Training Invariant Support Vector Machines using Selective Sampling

Abstract: Bordes et al (2005) describe the efficient online LASVM algorithm using selective sampling. On the other hand, Loosli et al. (2005) propose a strategy for handling invariance in SVMs, also using selective sampling. This paper combines the two approaches to build a very large SVM. We present state-of-the-art results obtained on a handwritten digit recognition problem with 8 millions examples on a single processor. This work also demonstrates that online SVMs can effectively handle really large databases.

Gaëlle Loosli, Stéphane Canu and Léon Bottou: Training Invariant Support Vector Machines using Selective Sampling, in Large Scale Kernel Machines, Léon Bottou, Olivier Chapelle, Dennis DeCoste, and Jason Weston editors, 301–320, MIT Press, Cambridge, MA., 2007.

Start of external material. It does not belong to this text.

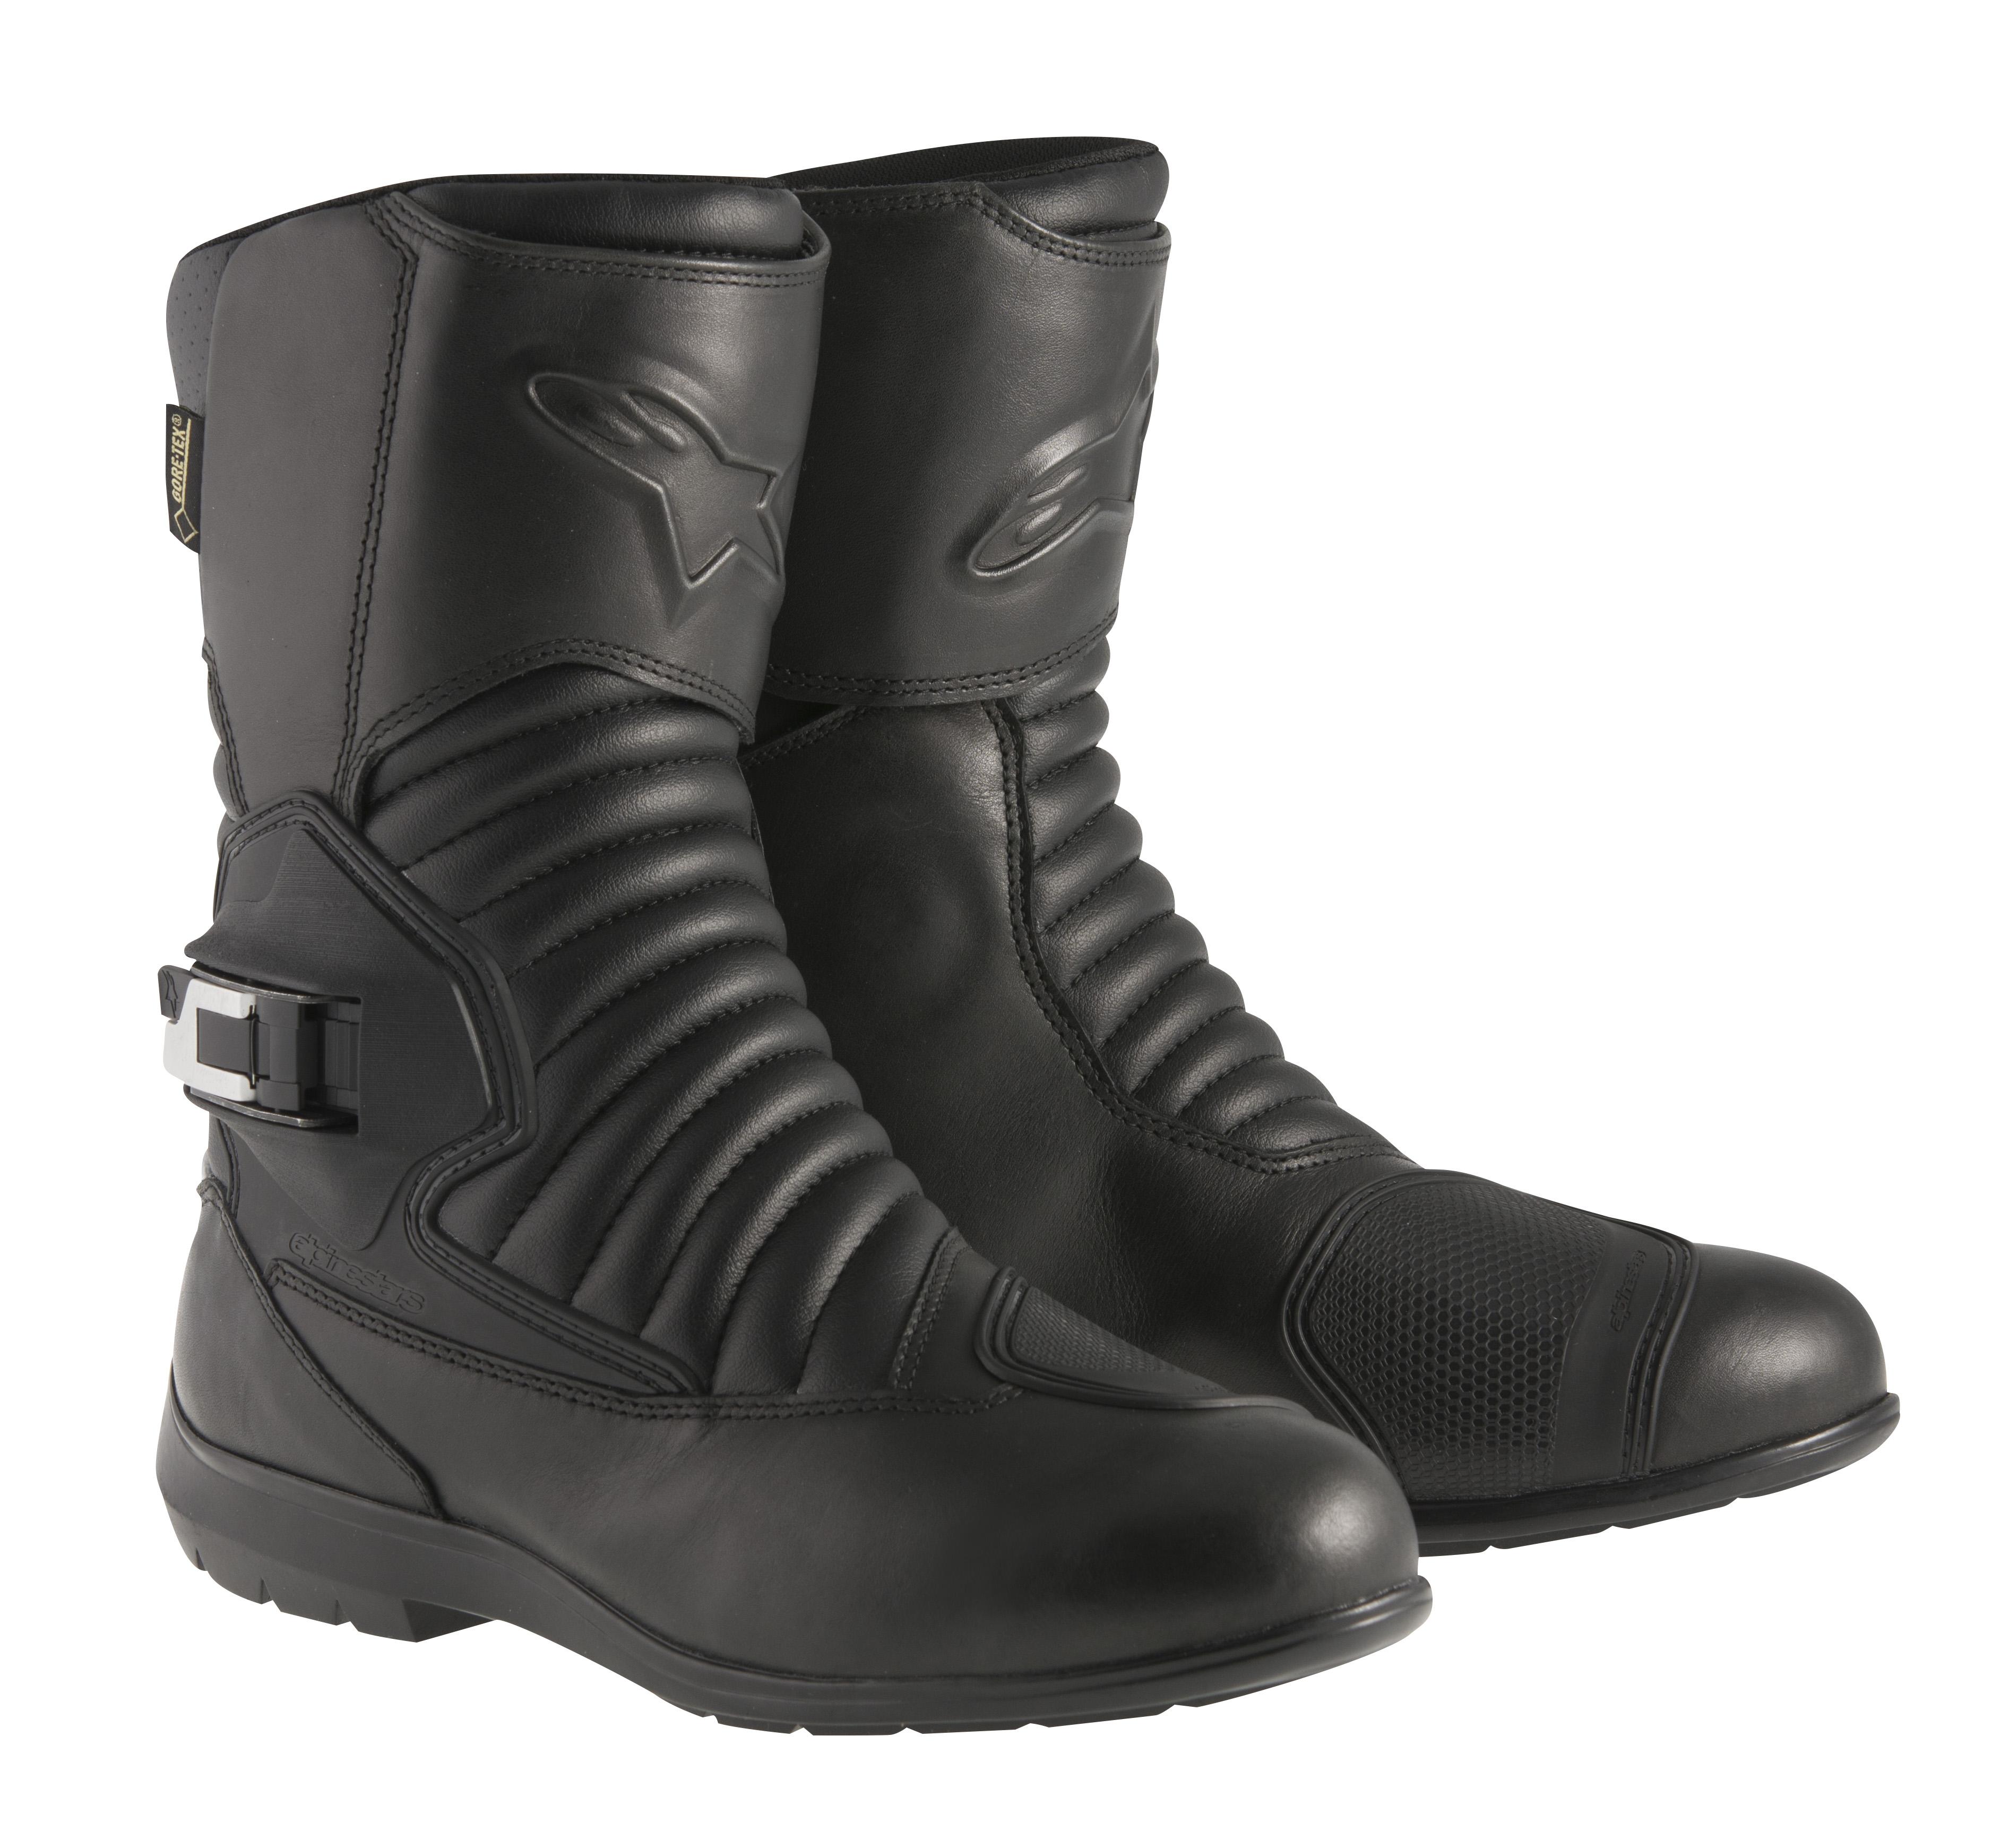 Alpine stars MonoFuse Gore-Tex Touring Boot Black
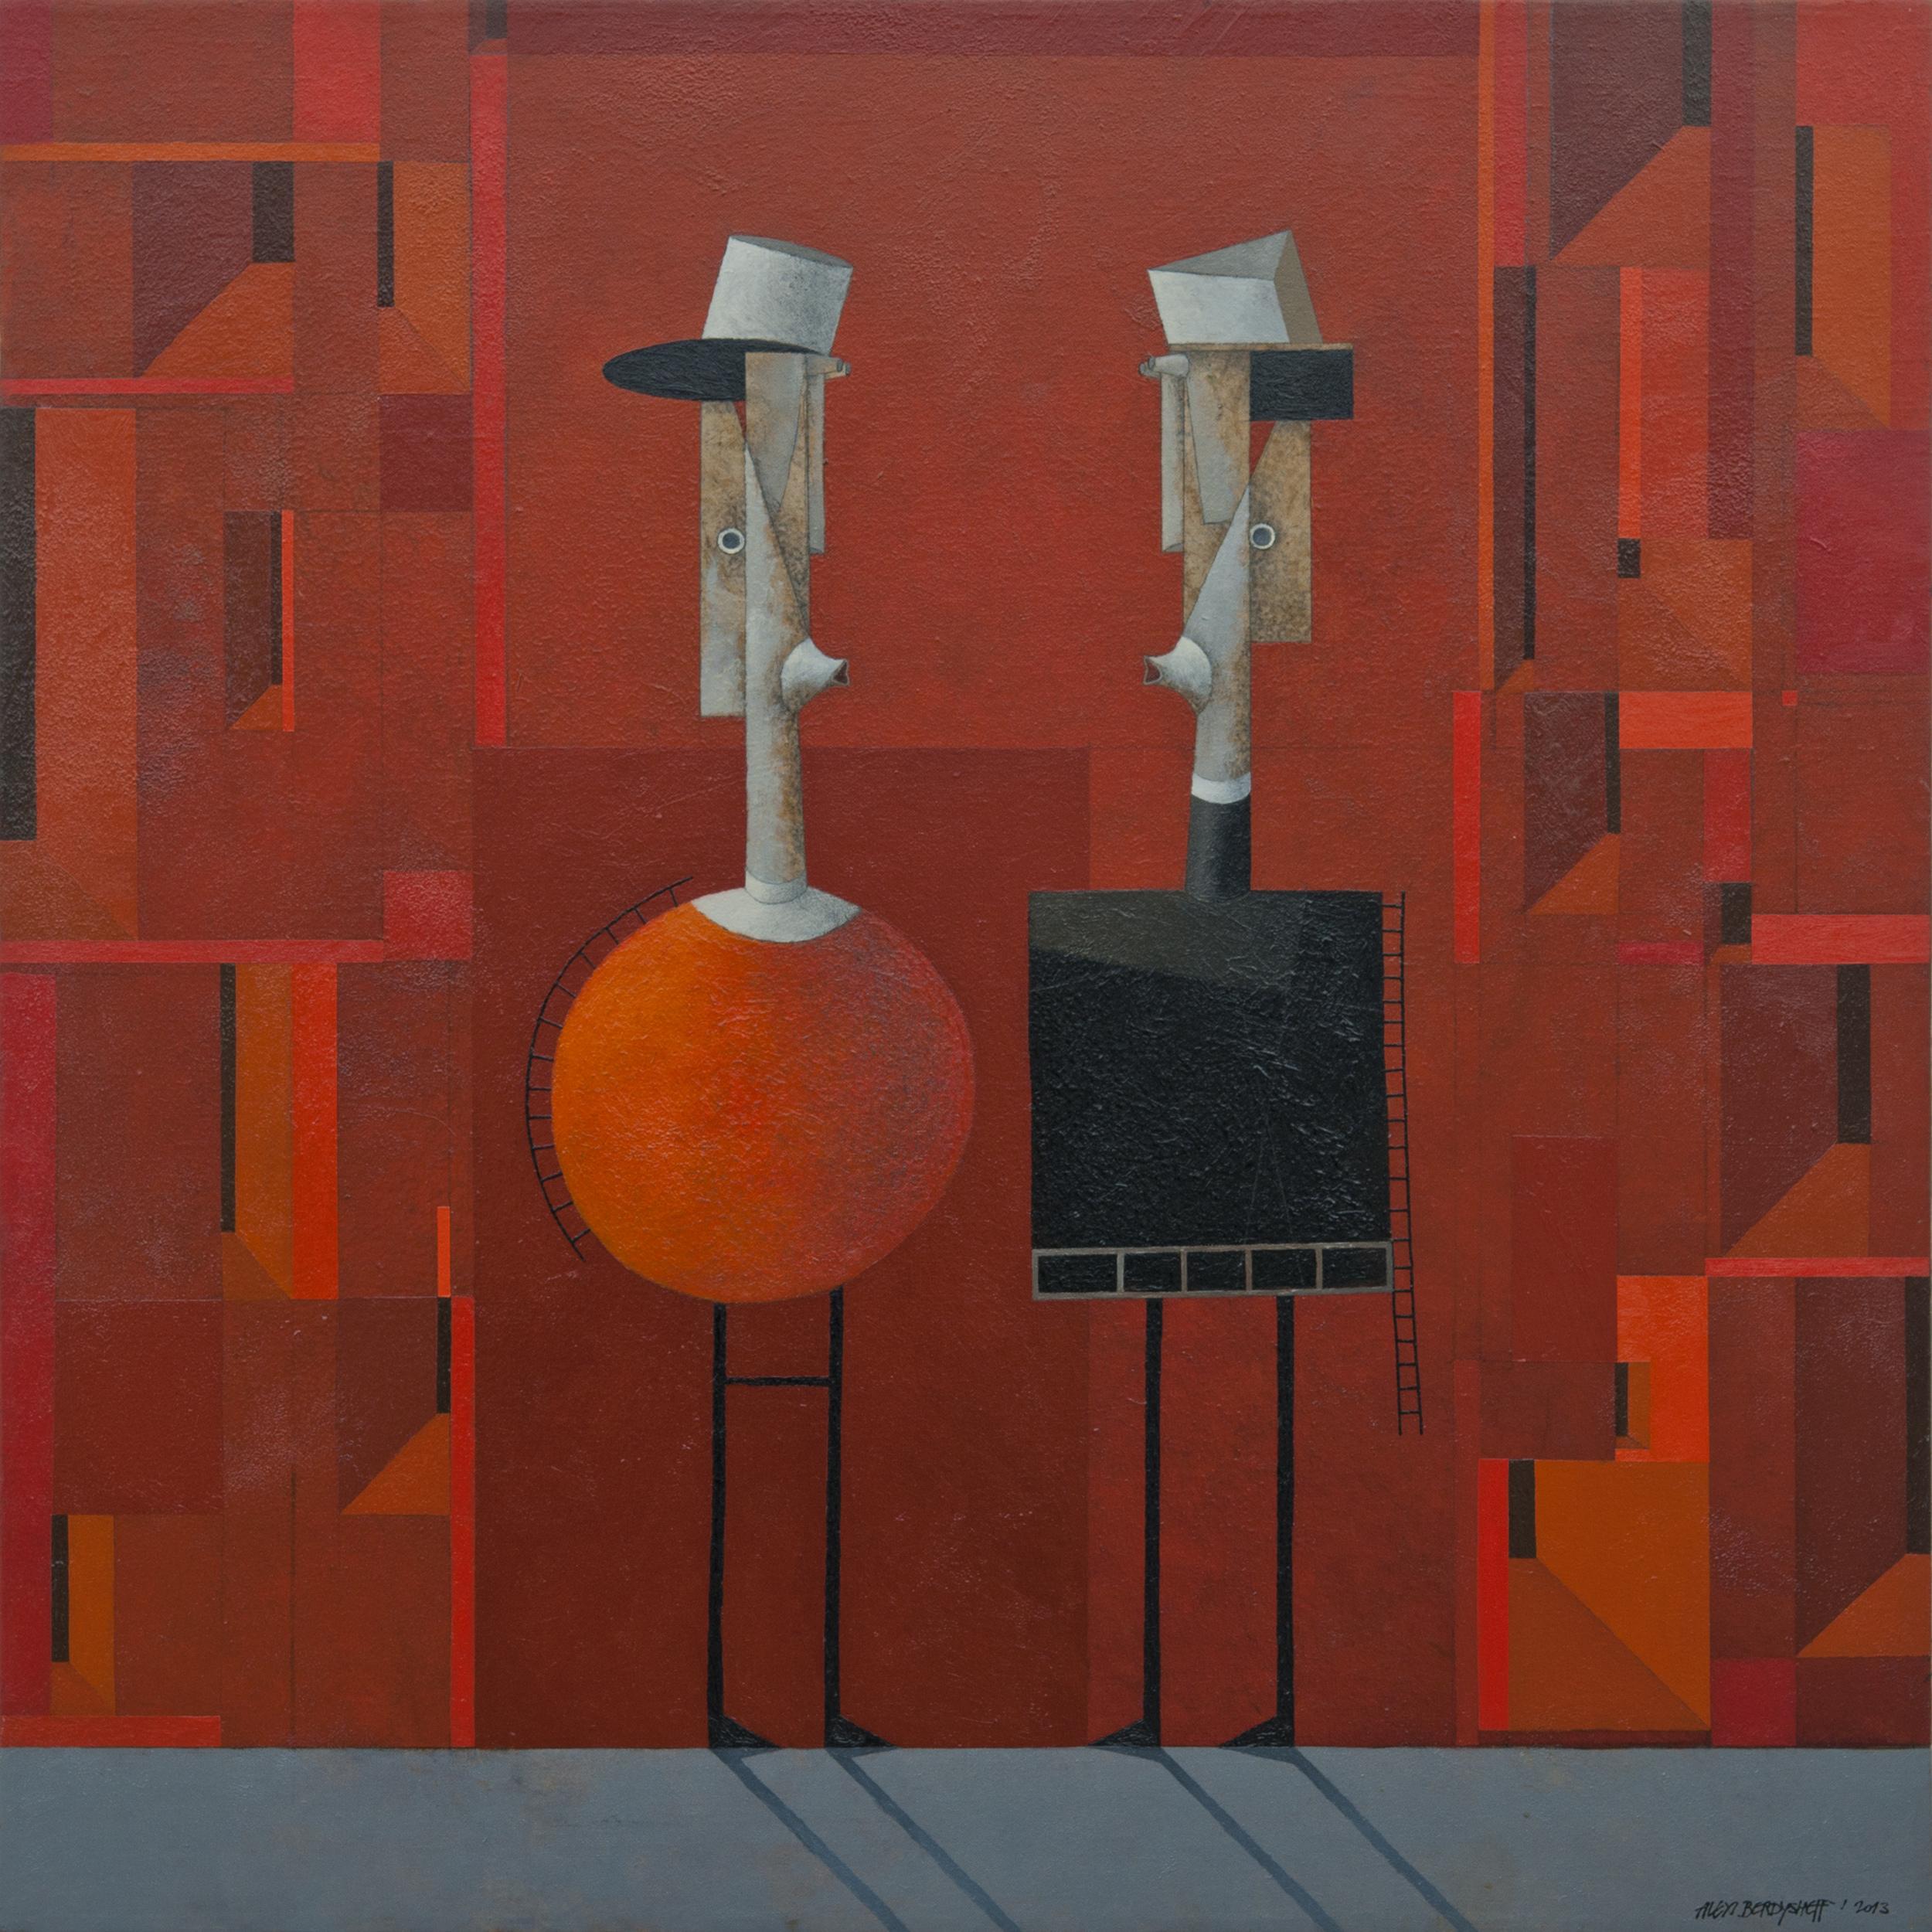 Industrial Romance II, oil on canvas, 85x85 cm, 2013

Technical report: loosli-2006.djvu loosli-2006.pdf loosli-2006.ps.gz

@incollection{loosli-canu-bottou-2006,
  author = {Loosli, Ga\"{e}lle and Canu, St\'{e}phane and Bottou, L\'{e}on},
  title = {Training Invariant Support Vector Machines using Selective Sampling},
  pages = {301-320},
  editor = {Bottou, L\'{e}on and Chapelle, Olivier and {DeCoste}, Dennis and Weston, Jason},
  booktitle = {Large Scale Kernel Machines},
  publisher = {MIT Press},
  address = {Cambridge, MA.},
  year = {2007},
  url = {http://leon.bottou.org/papers/loosli-canu-bottou-2006},
}

Implementation Details

In response to various inquiries regarding the experimental setup:

All experiments were carried out on a dual Opteron machine running 2.4GHz and equipped with 16GB of main memory. The cache sizes were chosen to ensure that any experiment would fit in 8GB allowing us to run two simultaneous experiments on this computer. The memory usage consists of roughly 700MB of data to generate the training examples on-the-fly (MNIST digits, Lie derivatives, precomputed random vector fields), 500MB to cache transformed digits, and 6.5GB of kernel cache.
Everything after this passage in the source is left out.